Combining LLMs with AlphaGo-style deep reinforcement learning has been a holy grail for many leading AI labs, and with o1 (aka Strawberry) we are seeing the most general merging of the two modes to date. o1 is admittedly better at math than essay writing, but it has already achieved SOTA on a number of math, coding and reasoning benchmarks.
Deep RL legend and now OpenAI researcher Noam Brown and teammates Ilge Akkaya and Hunter Lightman discuss the ah-ha moments on the way to the release of o1, how it uses chains of thought and backtracking to think through problems, the discovery of strong test-time compute scaling laws and what to expect as the model gets better.
Hosted by: Sonya Huang and Pat Grady, Sequoia Capital
Generator verifier gap: Concept Noam explains in terms of what kinds of problems benefit from more inference-time compute.
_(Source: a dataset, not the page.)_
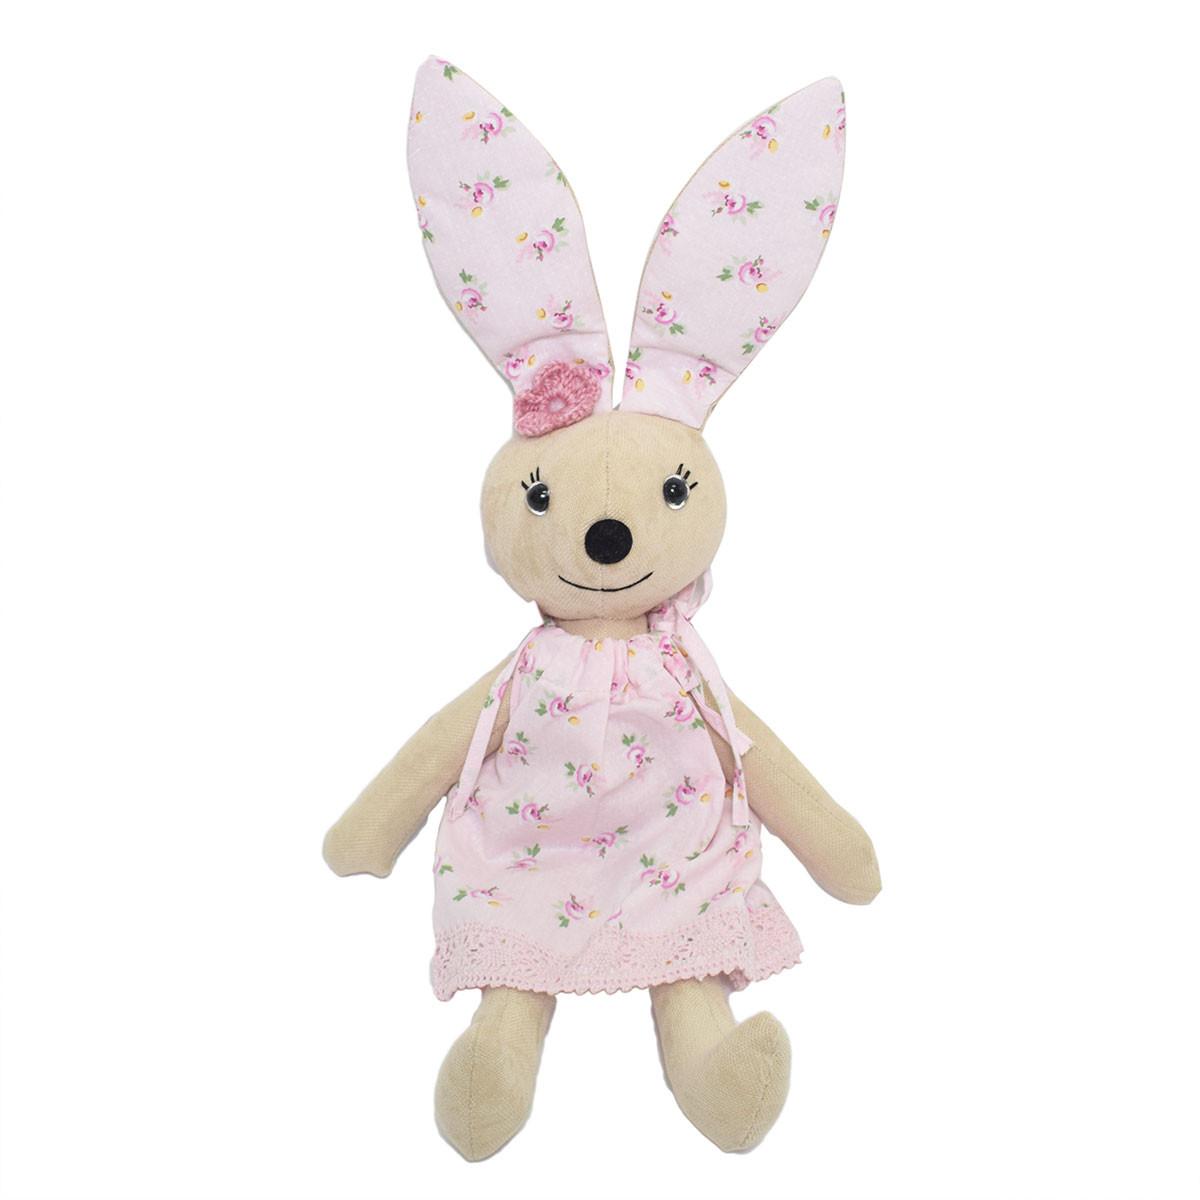 Μαλακό Παιχνίδι Cigit Rabbit Doll Pink Flower

Agent57: Outperforming the human Atari benchmark, 2020 paper where DeepMind demonstrated “the first deep reinforcement learning agent to obtain a score that is above the human baseline on all 57 Atari 2600 games.”
Move 37: Pivotal move in AlphaGo’s second game against Lee Sedol where it made a move so surprising that Sedol thought it must be a mistake, and only later discovered he had lost the game to a superhuman move.
IOI competition: OpenAI entered o1 into the International Olympiad in Informatics and received a Silver Medal.
System 1, System 2: The thesis if Danial Khaneman’s pivotal book of behavioral economics, Thinking, Fast and Slow, that positied two distinct modes of thought, with System 1 being fast and instinctive and System 2 being slow and rational.
AlphaZero: The predecessor to AlphaGo which learned a variety of games completely from scratch through self-play. Interestingly, self-play doesn’t seem to have a role in o1.